Cade jammed the vehicle into park, turned the key off, and jumped out. Dropping to his knees next to her, he lifted some hair away and felt for a pulse. It was there and strong. That was good news.

Her head rolled to the side, and she groaned. So she had to be breathing. A goose egg was already forming on her forehead, but he didn’t see any blood. Good. She was wearing a tight, long-sleeved pink shirt and black running pants. The material was ripped in multiple spots, scrapes and traces of blood, but no visibly broken bones.

He pulled out his phone to call for help when she rolled over to her back and blinked her eyes open.

Blue. Blue as his mountain lake or the Montana sky. Long-lashed eyes with shapely dark eyebrows and a sprinkling of freckles across her nose and sun-browned cheeks. Her lips were straight and wide—Julia Roberts type lips. He liked them.

He blinked and focused. She looked oddly familiar. Why?

“Ma’am? I’m going to call for help. Can you tell me what and where and how bad it hurts?” He was no kind of doctor, but his eight years in the military had taught him the basics. Living up here alone, he’d learned how to bind up his cattle or keep a horse alive until the vet arrived. But this was no cow or horse. This was a beautiful woman. How had she fallen down his mountainside?

She blinked at him as if not comprehending what he said, but then suddenly her eyes widened, and terror filled them.

“It’s okay. You’re safe,” he said. Then something compelled him to add, “I won’t let anybody come at you.”

“No,” she moaned, shaking her head. “She’s coming.”
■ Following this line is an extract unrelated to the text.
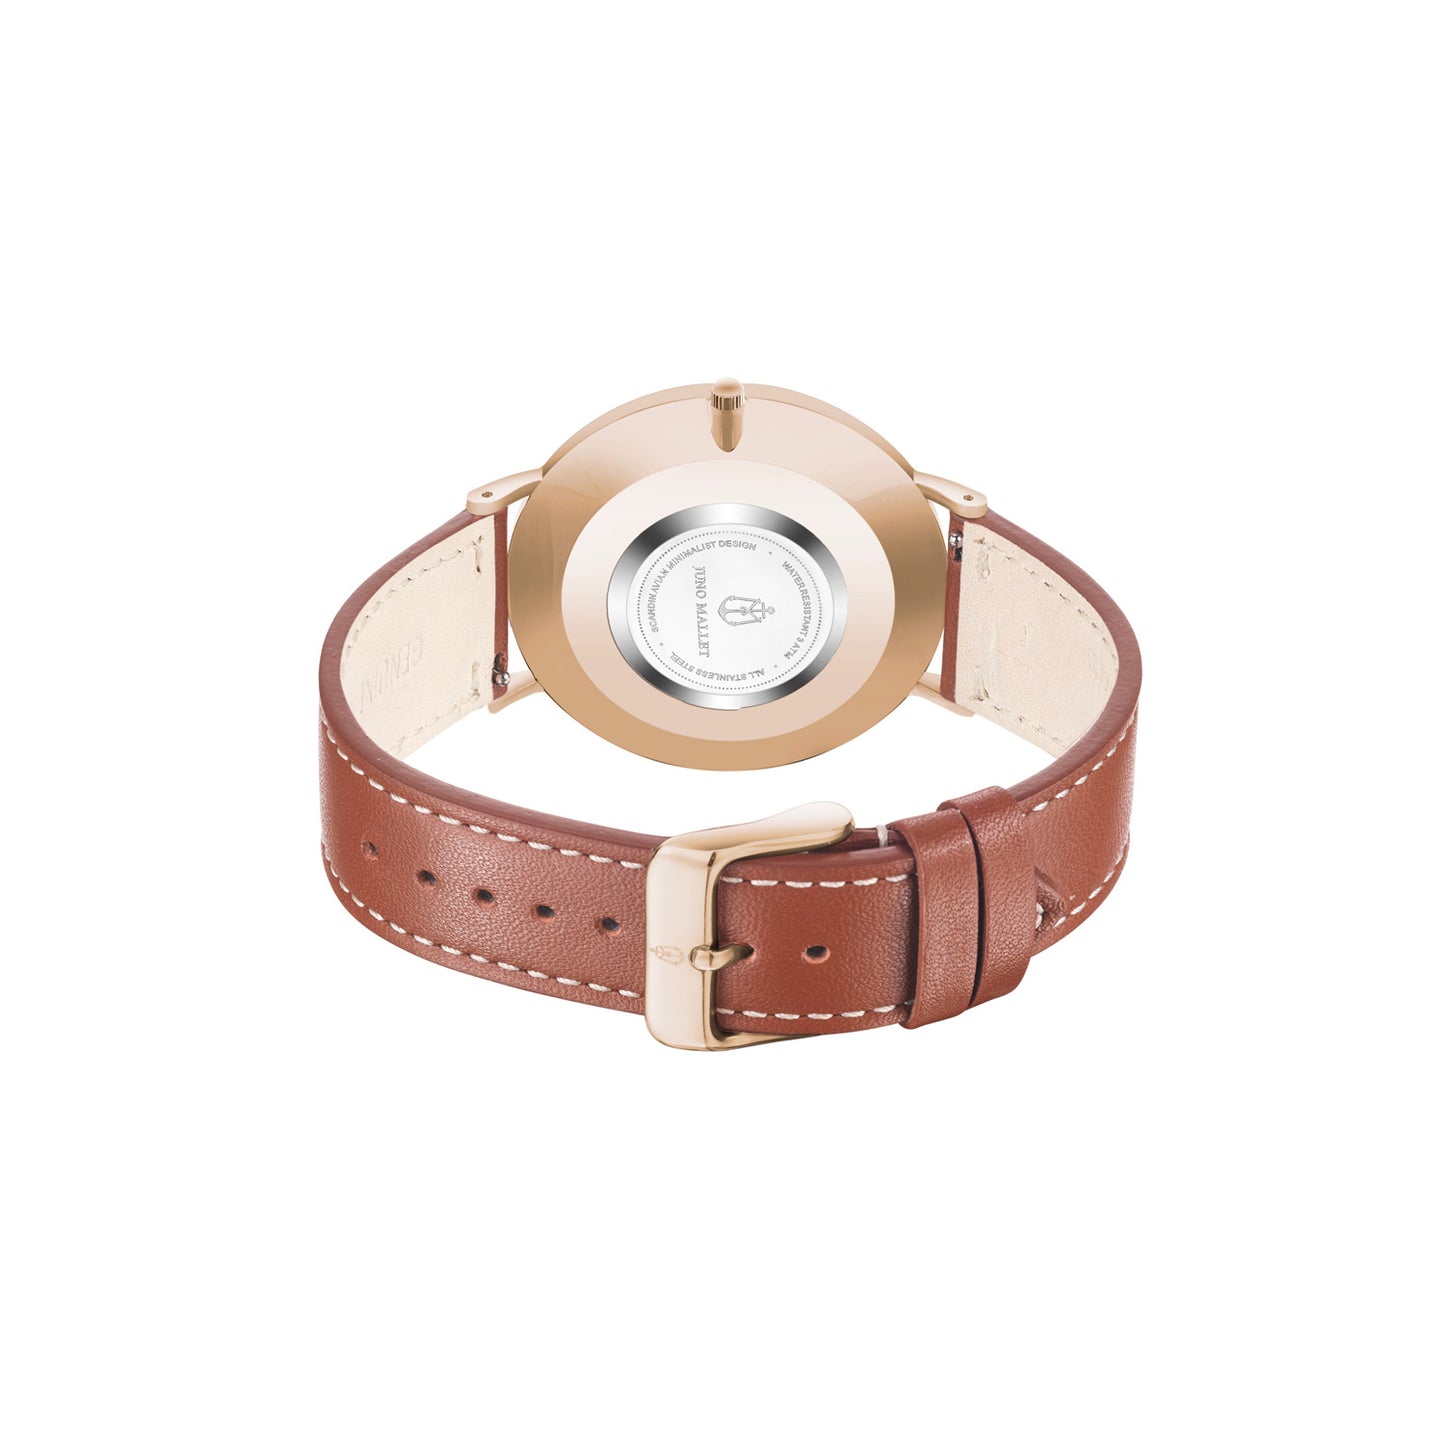 Classic Vito / Bracelet Watch / Cream White / Light Brown / Rose Gold / 40mm
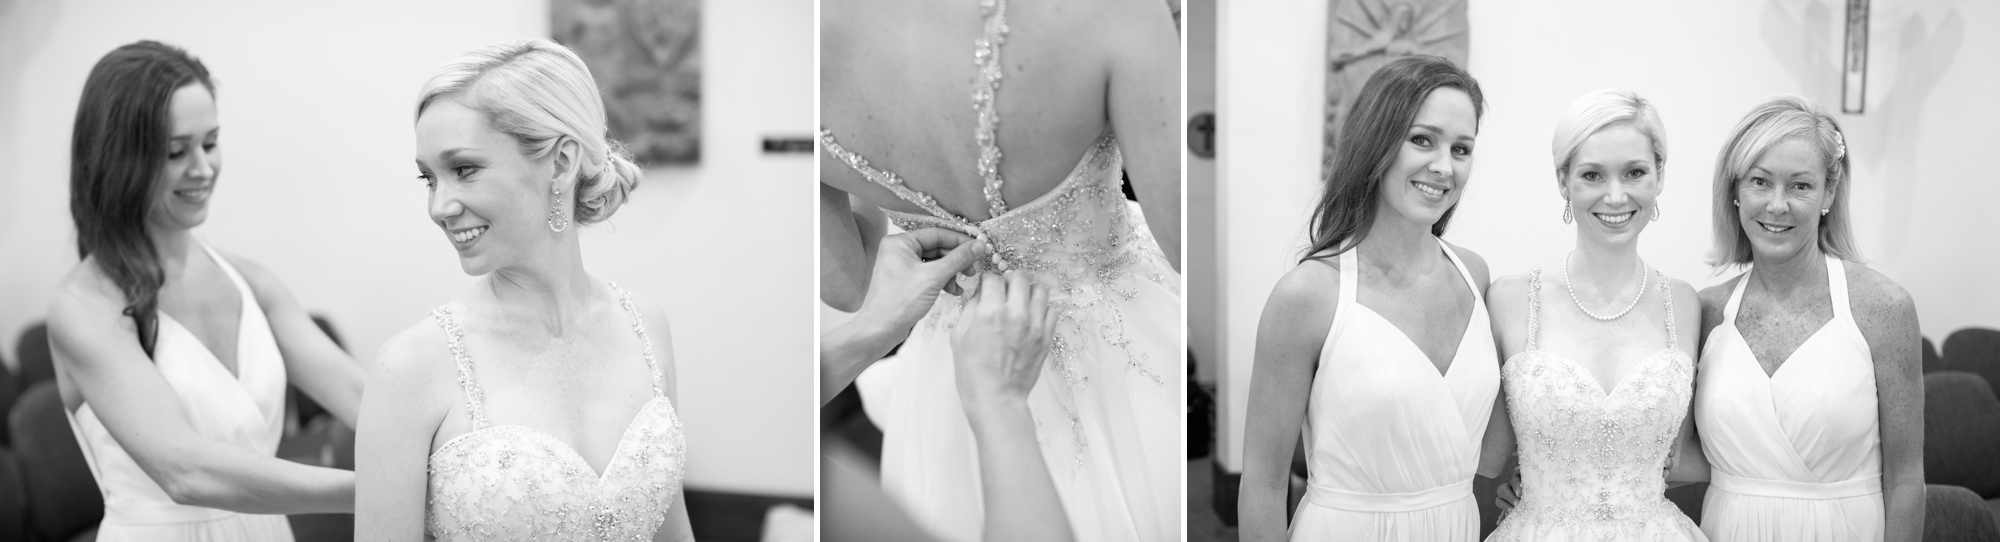 Wedding Dress Photographs VA

“There now. We’ll just call for help, and I’ll keep you safe until the sheriff gets here.” The sheriff. He loathed the sheriff and doubted Clint would come. He’d send a deputy to collect this beauty and avoid the confrontation with Cade.

“You cannot call.” Those blue eyes were frantic. “No. She will come for me and torture or murder you.”

She snatched the phone from his hand and hurled it away.

“What the …” Cade jumped to his feet to go retrieve his phone. What kind of woman threw someone’s phone? She was obviously not herself. He hoped.

The phone plunked into the nearby lake. Not near the shoreline, either.

He stopped in his tracks and pivoted back, looking down at her. “Good arm,” he muttered.